The Met Office issued severe weather warnings across the entire country, predicting that up to 40 cm of snow could fall in the home counties and London by the end of the day yesterday.

After the north of England and Scotland were worst-hit by the freeze on Tuesday, the Met Office warned of "extreme weather" for much of southern England, which is also set to continue throughout this week.

Forecasters said Hampshire, Oxfordshire, West Berkshire, Surrey and Buckinghamshire could see "exceptionally heavy snowfall" as the blizzards moved south.

They said between 15cm and 30cm of snow is expected, but there could be in excess of 40cm.

"This is expected to cause widespread disruption to the transport network and could lead to problems with power supplies," it said.

Hundreds of schools have been forced to close with Lancashire, West Yorkshire, the West Midlands, Gloucestershire, Hertfordshire and Surrey worst hit.

The cold snap, which forecasters said is the worst in 30 years, brought travel chaos, with ice and snow making driving treacherous and heavy disruption to rail services.

Close to 1,000 motorists were trapped in their cars on the A3 over night in Hampshire, with many others forced to abandon their vehicles in the rest of the county as snow drifts made roads impassable.
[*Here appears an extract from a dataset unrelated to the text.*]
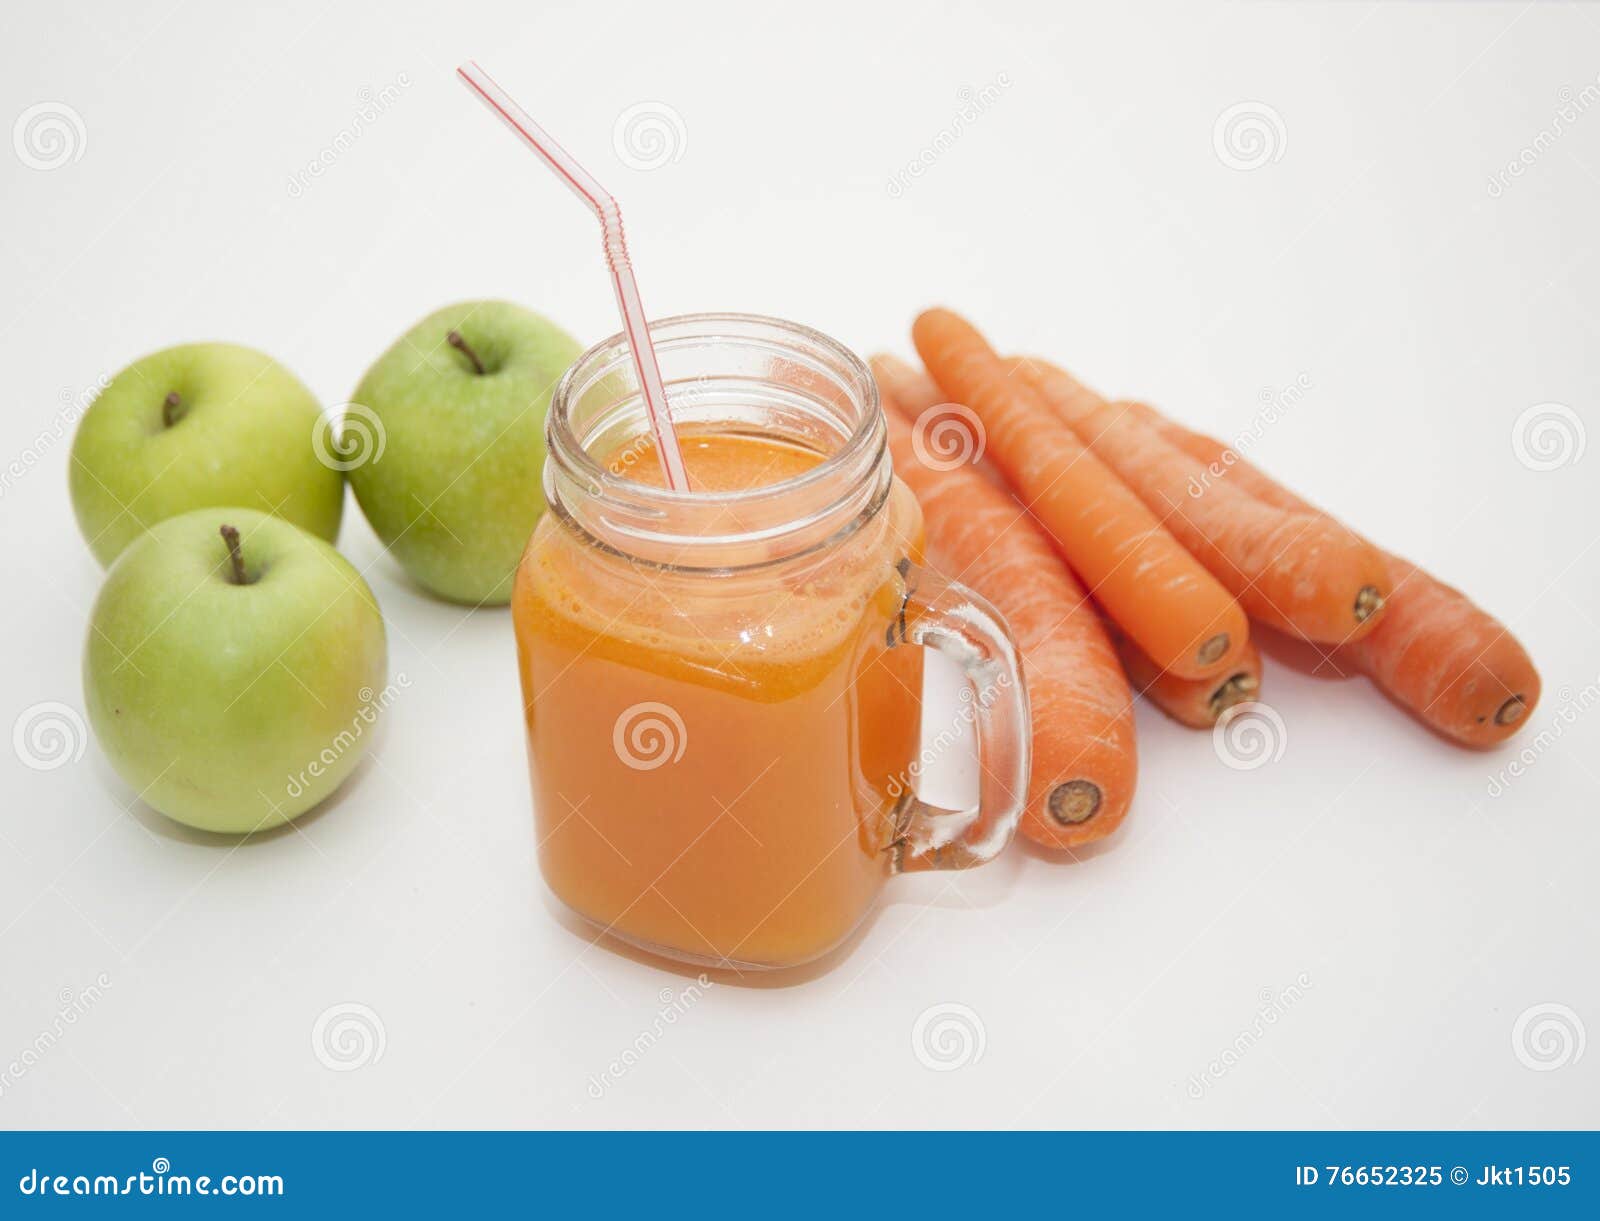 胡萝卜苹果汁怎么做_胡萝卜苹果汁的做法_海霞食记_豆果美食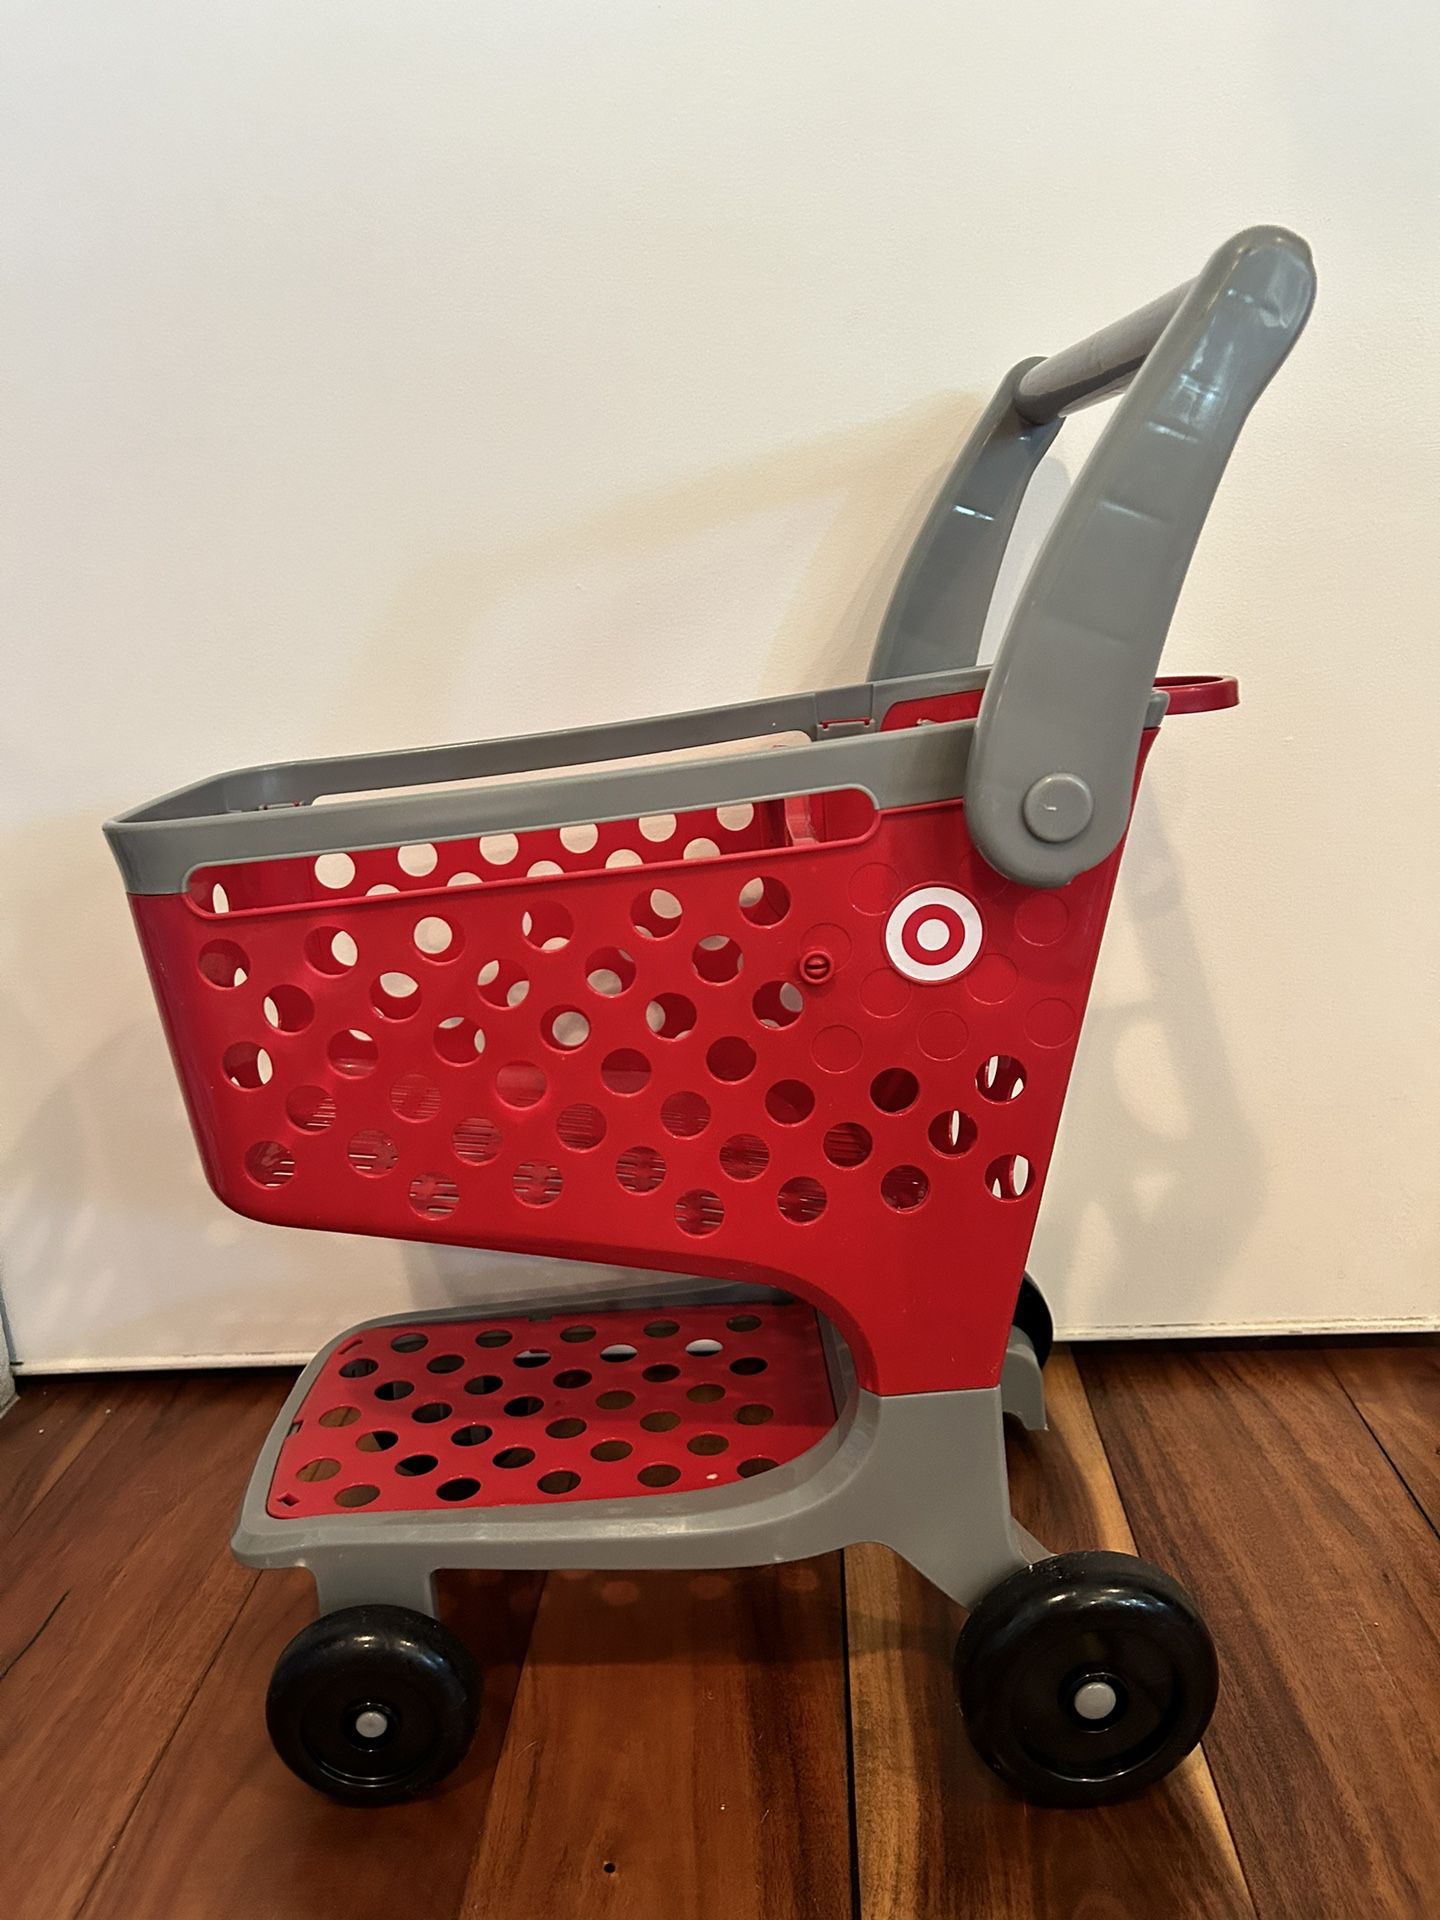 Target Shopping cart Toy

A spokeswoman for BAA said a total of 29 flights in and out of Heathrow had been cancelled yesterday.

Luton airport was closed from about 8.30 p.m. British time on Tuesday evening until 4.30 a.m. British time yesterday, with a total of 44 flights in and out of the airport cancelled.

Sleeping, yawning, queueing and making tearful phonecalls, thousands of stranded passengers were stuck in snow-bound London Gatwick Airport. They should have been in Accra, Mexico City and Fuerteventura, but instead they were trapped at London's second airport, which was not spared the overnight blanket of snow that fell on England. Easyjet flights were cancelled.

Eurostar cancelled four trains yesterday due to bad weather and expects more problems just three weeks after powdery snow turned its rail link between Britain and France into a pre-Christmas undersea travel trap.

Meanwhile, rail operators have announced reduced services and delays including East Coast, East Midlands, Chiltern Railways, First Great Western, National Express East Anglia, South West Trains, Southeastern and Southern trains.